Resource Thinking Simplistic – Monitor; ENVIRONMENT COMMISSIONER
By GORMAN, Paul
Government and local authority hang-ups over renewable and non- renewable resources worry New Zealand’s top independent environmental watchdog.
Parliamentary Commissioner for the Environment Jan Wright believes it is wrong to classify all renewable resources as “good” and non-renewables as “bad”.
Presenting Lincoln University’s 10th annual state of the nation’s environment address last night, Wright said the issue was one of her pet themes.
“The belief that it is always better to use renewable resources rather than non- renewable resources is an environmental sacred cow,” she said. “Renewable is ‘good’ and non-renewable is ‘bad’ – I think that is too simplistic. And I worry about it because of the increasing amount of policy and legislation that relies on classifying resources in this way.”
Things were rarely that straightforward. One example was that New Zealand’s modern environmental movement began with opposition to the raising of Lake Manapouri, a scheme to generate renewable electricity. Another was geothermal energy which is defined as renewable in the Resource Management Act.

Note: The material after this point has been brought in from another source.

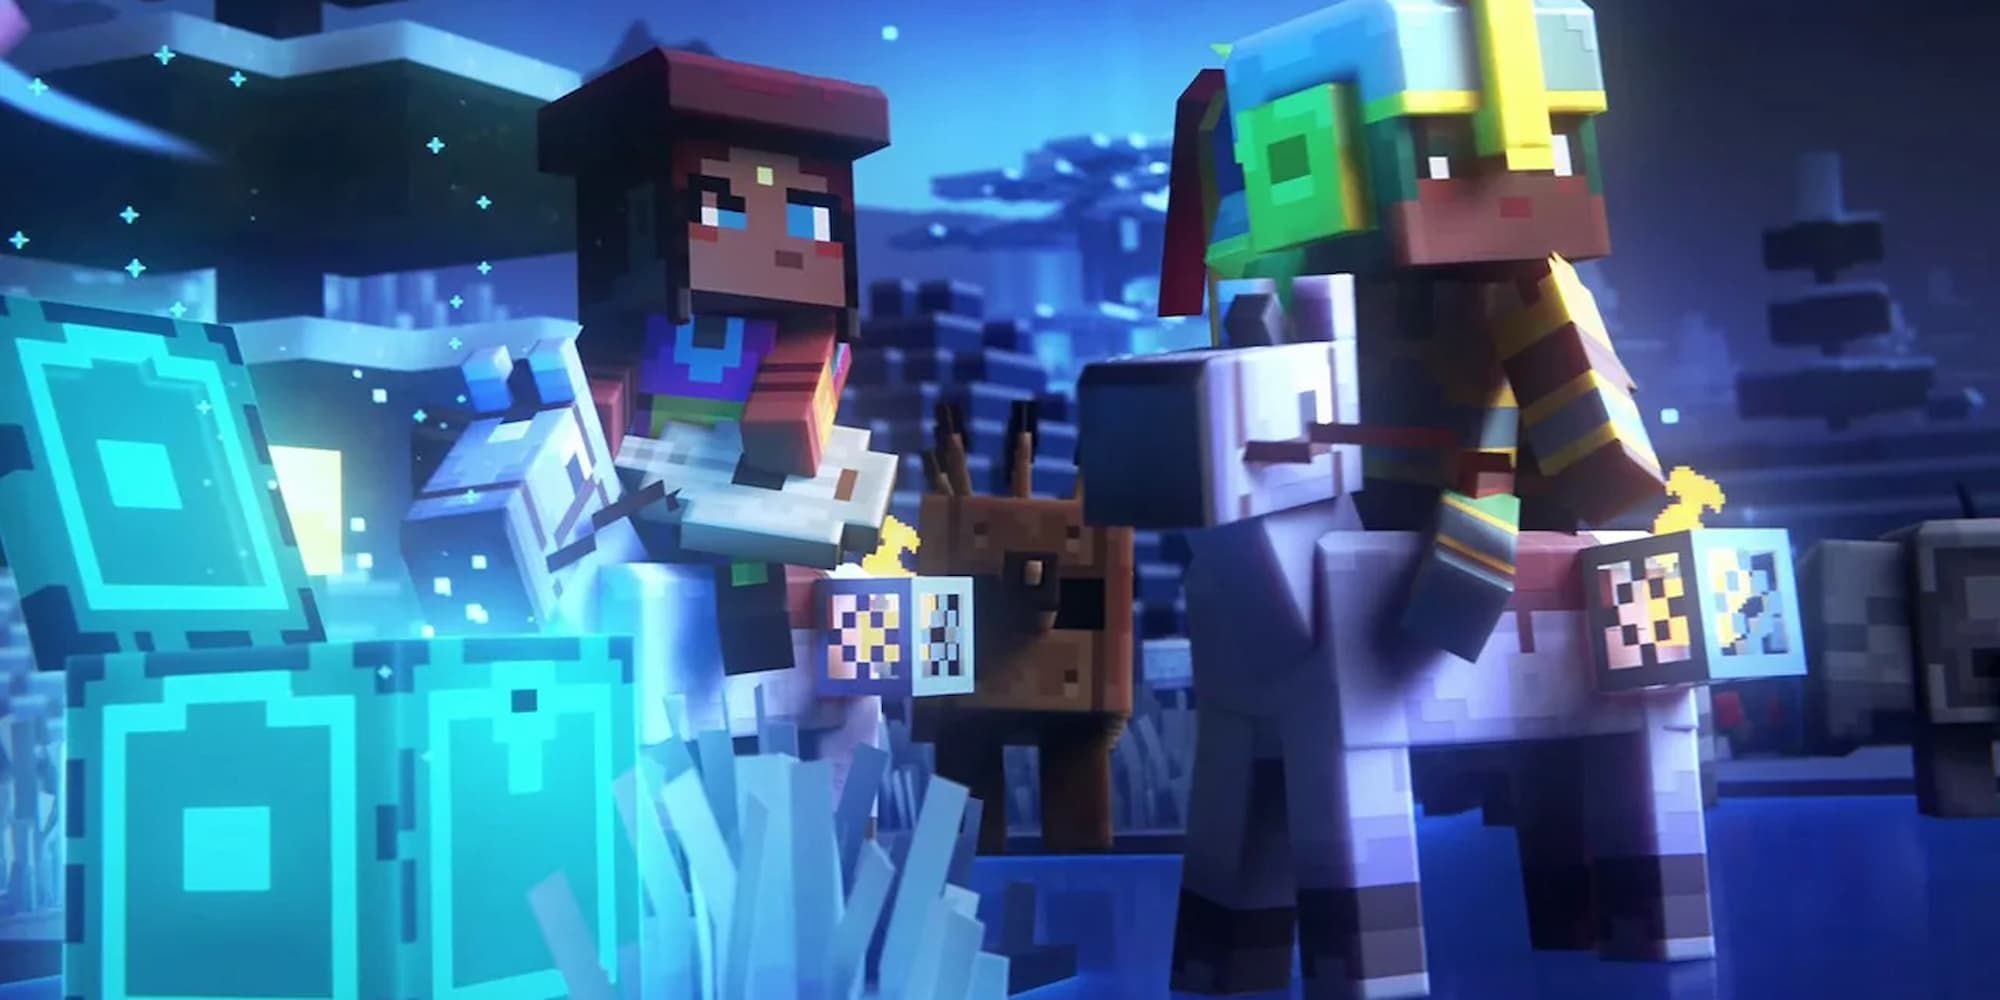 Minecraft's last call to migrate: How not to lose your account

“Yet the steam used to generate electricity from some geothermal fields can be very ‘fizzy’ – that is, it contains a great deal of carbon dioxide. So beware of simplistic thinking,” she said.
Prioritising environmental problems was a challenge. Environmental decision-makers had to understand two “powerful concepts of economic thinking” – trade-offs and opportunity cost.
“Many of us tend to feel that thinking like this about the environment is not kosher. I have done my time regarding economists as enemies of the environment,” Wright said.
“The fundamental problem addressed by economists is the allocation of scarce resources. And our resources for addressing environmental problems are scarce. Dollars are scarce, technical capability is scarce, political will is scarce.”
Wright proposed five criteria to help rank environmental problems:
Is the problem cumulative?
Is the problem reversible?
Is the size of the problem significant?
Is the size of the problem accelerating?
Is the problem approaching a point that tips the environment into another state?
Using those criteria, Wright ranked water quality “far above” air quality.
Kiwis should not delude themselves that “win-win” solutions were always possible.
“There is great debate going on . . . over the visual impact of wind turbines on iconic high- country landscapes,” she said. “How do we judge that local environmental impact against the need to reduce carbon dioxide from electricity generation?
“But consider the criterion of reversibility. Wind turbines can be dismantled and removed, but climate change is not reversible.”